Current Use Taxation of Forest Land: Measures of Success

Project Title: 

Vermont Forest Land Current-Use Value Tax Program: Measures of Success

Award Year: 
Paul Sendak
USDA Forest Service, Northern Research Station, New Hampshire
Co-Principal Investigator(s):
Donald Dennis
USDA Forest Service, Northern Research Station, Vermont
Paul Sendak: Current Use Taxation of Forest Land: Measures of Success

Recognizing that property taxation at the typical “highest and best” use can often be an obstacle to forest management and keeping forest land undeveloped, each state in the Northern Forest region has some form of modified property tax assessment for forest land. Current use taxation of forest land slows the rate of conversion from forest to development by keeping property taxes compatible with the productive capacity of the land.

Vermont’s use value appraisal (UVA) program has been in operation since 1977. To measure its success in achieving its stated goals of improving forest management and protecting the natural ecosystem, NSRC researchers compared properties enrolled in use value appraisal to eligible properties not enrolled. They analyzed 1983 and 1997 forest inventory data provided by the U.S. Forest Service.

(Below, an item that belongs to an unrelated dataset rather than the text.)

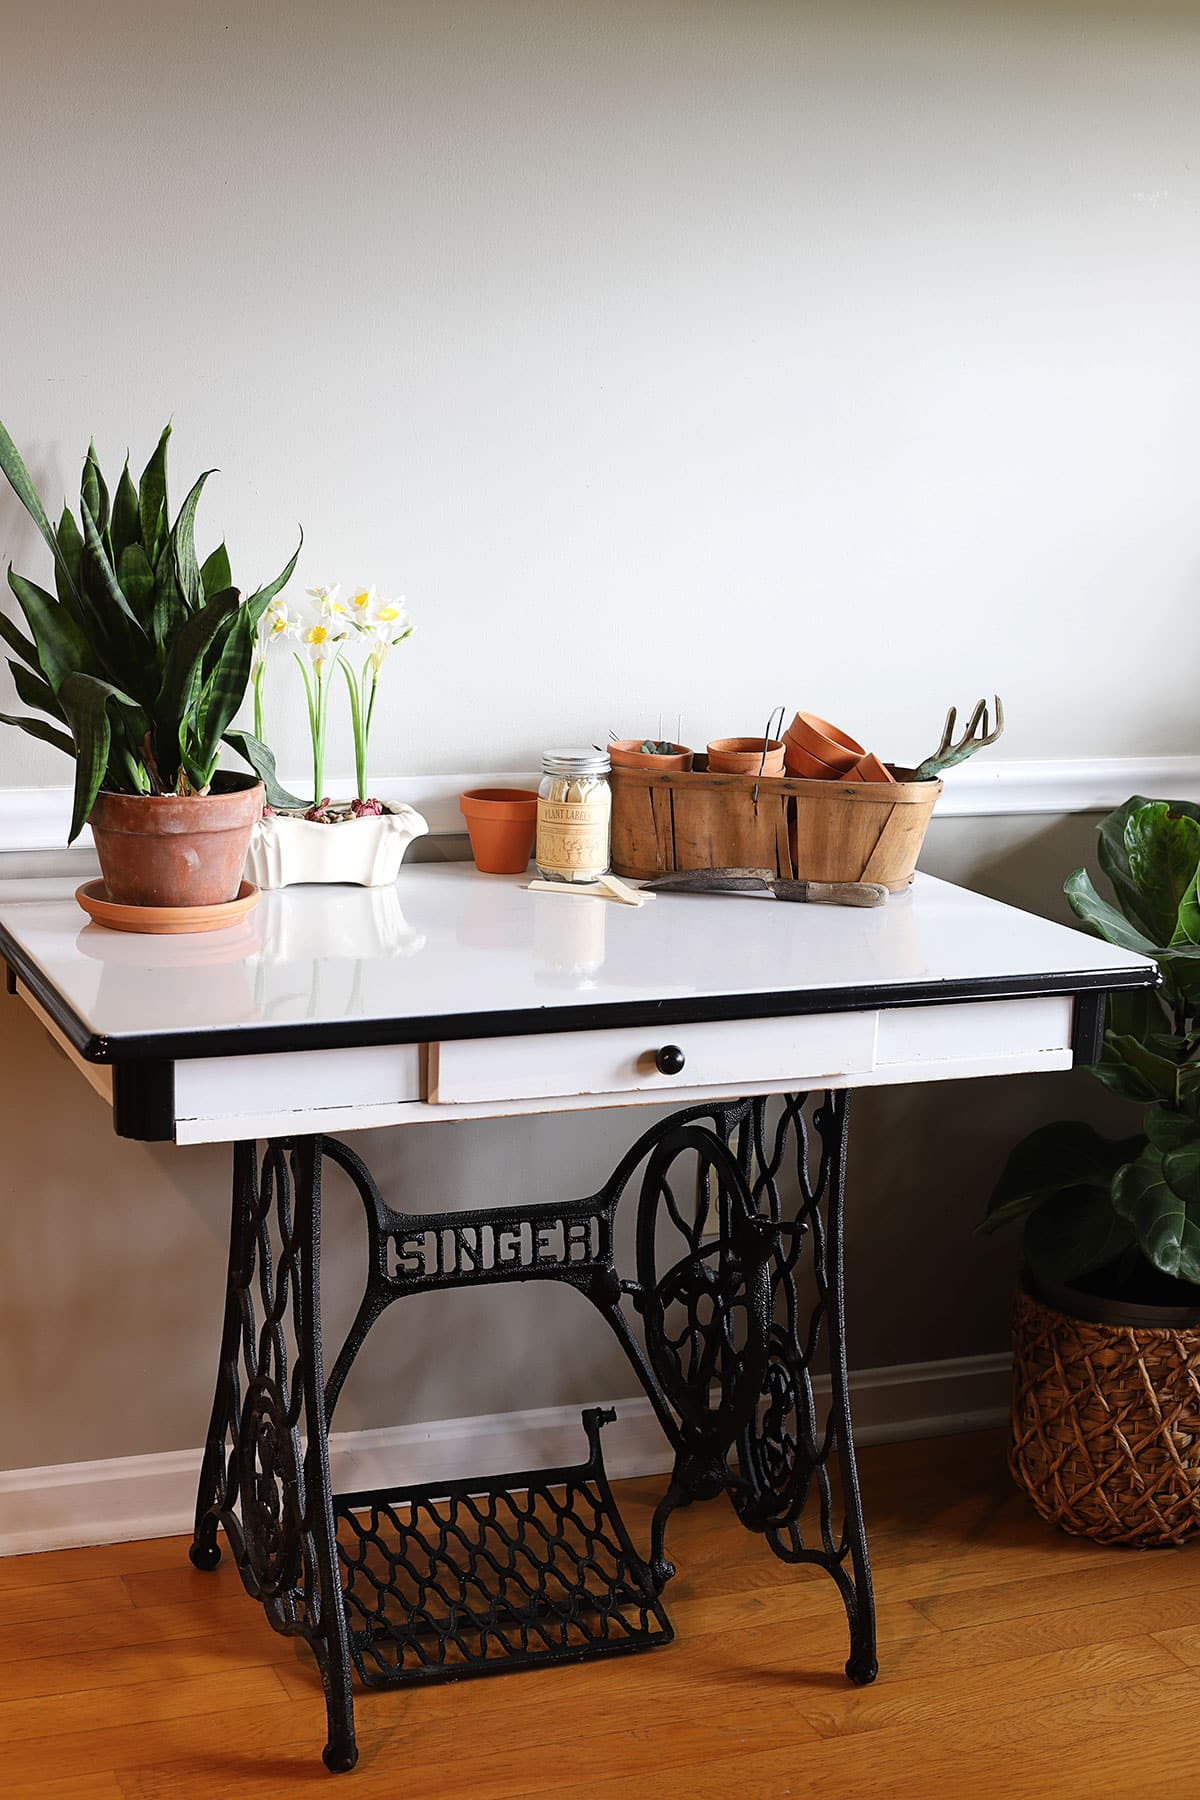 Vintage porcelain enamel kitchen table combined with vintage cast iron Singer sewing machine base.
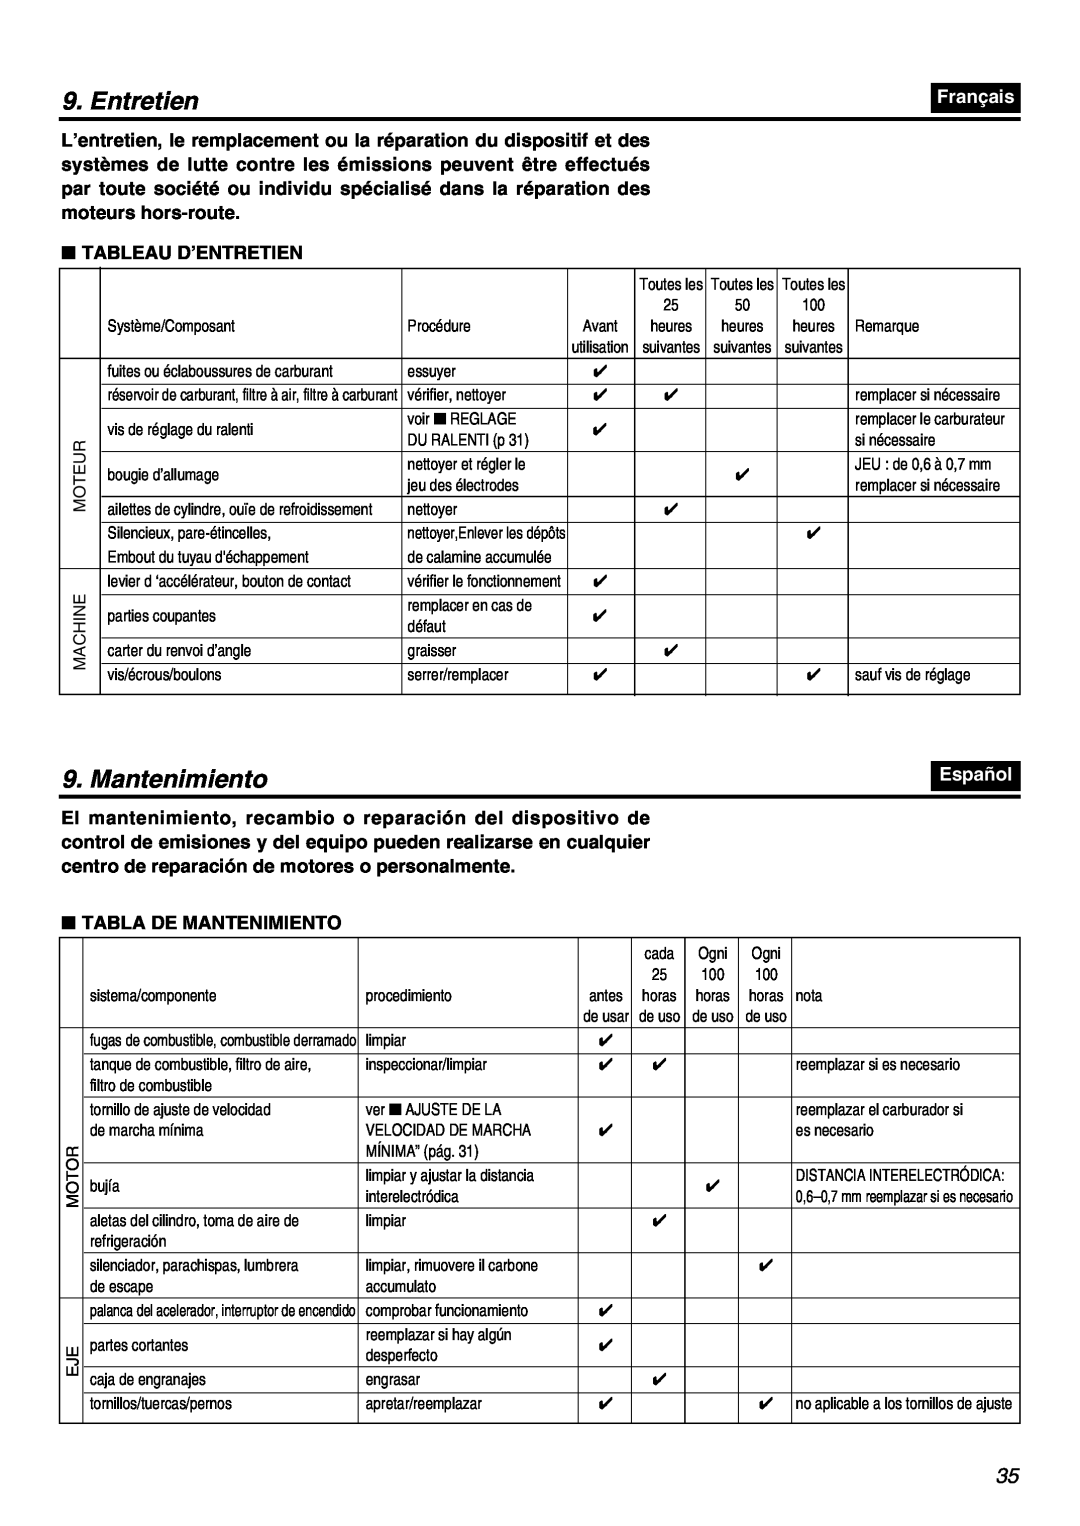 Univex SRTZ2401-CA manual Français, Tableau D’Entretien, Español, Tabla De Mantenimiento

On properties that were recently harvested (between 1983 and 1997), forest land in use value appraisal had significantly larger trees and greater volumes per acre prior to harvest. In addition, the grade or quality of white pine on UVA properties was considerably higher than on non-UVA properties. These results are encouraging in that they show measurable benefits to forest management under use value appraisal.